Happy Birthday to Agile Development! You’re 10 years old now; that’s an important age. A lot of things start happening at age 10. The pre-teen years start and things will seem to get awkward. Most important, a lot more will be expected of you.
This is probably why Mike Beedle, the author of the first book on Scrum, recently wrote as part of the Agile 10th Anniversary Manifesto series published on InfoQ, “We need to worry about how diluted the meaning of agile is becoming, and focus on real quality.”
Sounds like a call for “better behavior” – a typical expectation for any 10-year-old. It makes sense when you consider Beedle’s assessment of how Agile is used in businesses, noting that most businesses don’t fully understand it and pay it “lip service.”
So Beedle does his best to spell out just what agile needs to do to “grow up” now that it has turned 10:
We need to raise the quality of Agile implementations and we also need to document the state of the art as it is today, to make it easier for practitioners to envision the future.
In regards to quality, at the 10-year Agile Manifesto Workshop (see this link) we came out with four statements that we thought were possible to implement:
- demand technical excellence,
- promote culture change,
- maximize business value,
- organize knowledge.
These four statements convey a powerful, relevant and accurate mission as to what Agile as defined 10 years ago needs to do to survive with a clean name. Otherwise it runs the real risk of getting diluted, badmouthed, and thus enlarge the backlash it already has with every Agile implementation gone bad.
What Agile as defined 10 years ago needs is an action plan to put these four statements to work in [organizations] today.
I’m not a fan of “action plans” myself – they’re usually far more plan than action. Nevertheless, there does need to be a plan put in place to improve the quality of Agile development. Like with many adolescents, the first actions in that plan need to be acceptance of its own shortcomings and learning how to deal with them.
Software developed through Agile, or in any Scrum-based process, relies upon pieces of application software to be developed by disparate teams that could have very different ways of doing things. This is not the ideal situation for a top-quality result on the first pass of software. As I noted in a previous blog, bits and pieces of functionality that will eventually become interdependent are created and tested separately in different scrums. New functionality is often added on top of old, which further muddies the architectural waters, threatens reliability and performance, and increases the cost to modify and maintain the software. Moreover, as the number of lines of code grows, architectural complexity grows exponentially.
At this point, performance bottlenecks and structural quality lapses become very hard to detect. This makes it very difficult to see and measure the structural quality – a measure of how the architecture and the implementation hang together to ensure reliable, dependable, mission-critical performance – of the application as a whole. Being able to find and fix critical architectural bottlenecks in a rapidly evolving code base reliably is the key to developing high-quality applications using Agile techniques.
Unfortunately, even the most qualified software engineer does not have the requisite insight into the thousands of classes, modules, batch programs, and database objects that need to work flawlessly together in the production environment. Most issues of robustness and performance are not hidden behind one specific artifact of code but exist in the interaction between multiple components created in separate scrums.
Like so many human adolescents, Agile needs a mentor; a software platform that keeps its efforts on the straight and narrow while it is undertaking its daily routines, rather than waiting until after major flaws are discovered.
For Agile, this can be accomplished by introducing a system of automated analysis and measurement, which provides comprehensive visibility over component interconnections and assesses the structural quality of the application software as a whole, rather than each part individually. This is important because even if each Scrum develops a perfect portion of the project, the entire project is doomed if these modules do not interconnect properly. Together, visibility and quantification give software engineers the information they need to ensure high performance and reliability, no matter how rapidly the code base evolves.

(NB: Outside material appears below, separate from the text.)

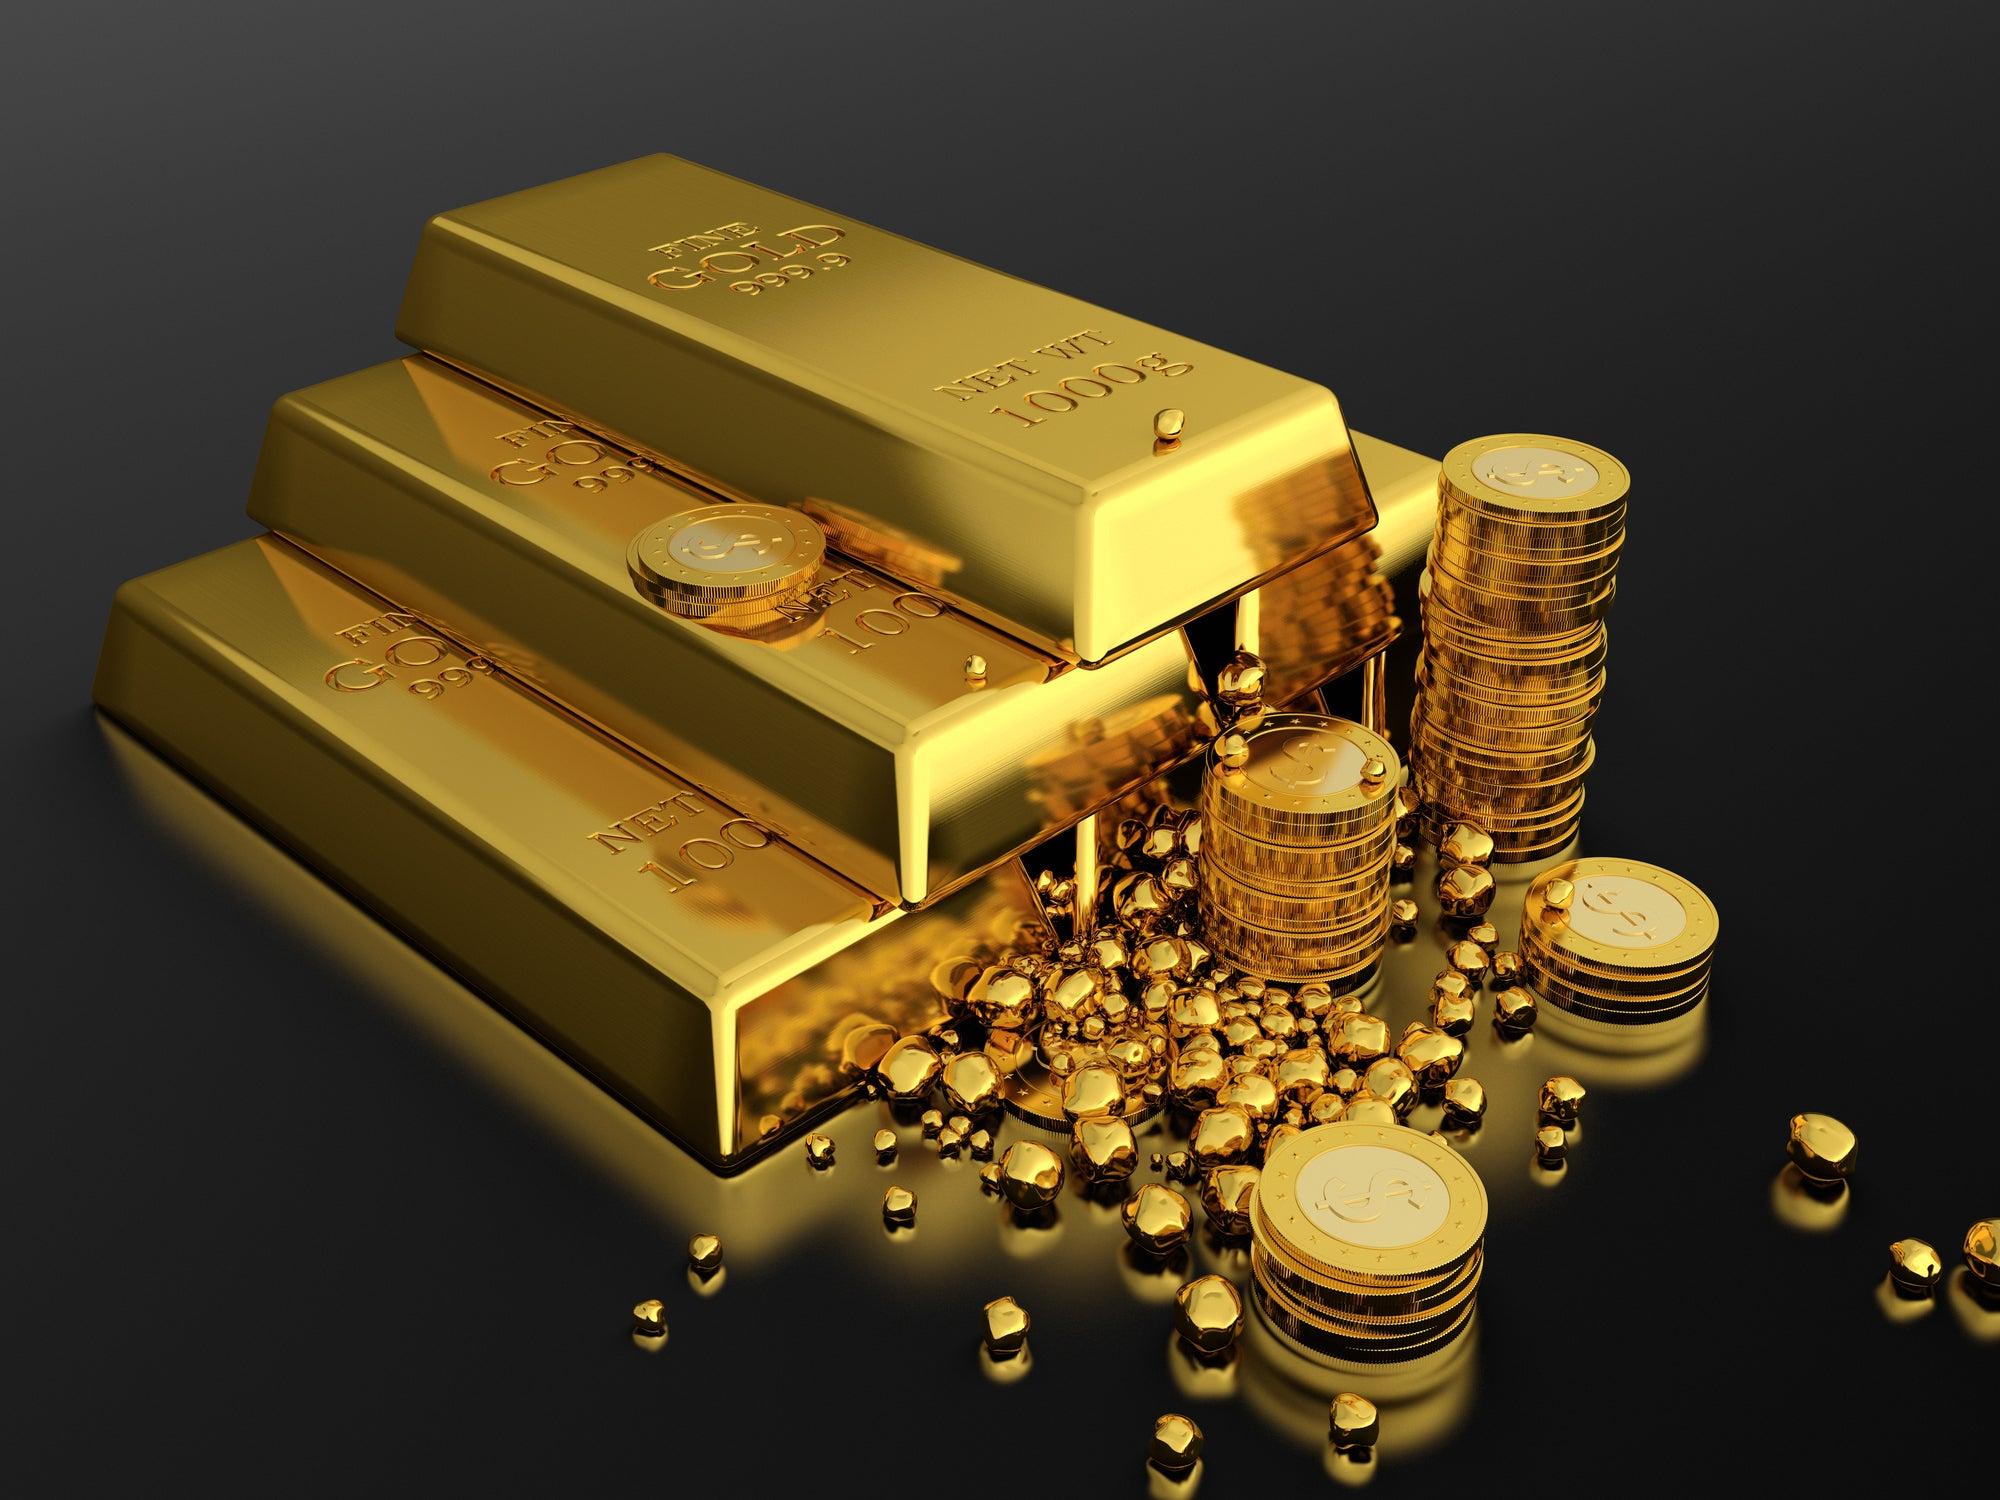 Tin tức giá vàng mới nhất hôm nay 23/2: Nhảy vọt vượt ngưỡng 46 triệu đồng/ lượng 1

Moreover, automated analysis and measurement does what the human eye cannot do. It can read, analyze, and semantically understand most kinds of source code, including scripting and interface languages, 3GLs, 4GLs, Web, and mainframe technologies, across all layers of an application. This static analysis measures quality and adherence to architectural and coding standards, while providing real-time system blueprints.
By providing such insightful guidance, automated analysis and measurement could certainly help Agile through its awkward adolescent years and help ensure that it grows up to be a quality process.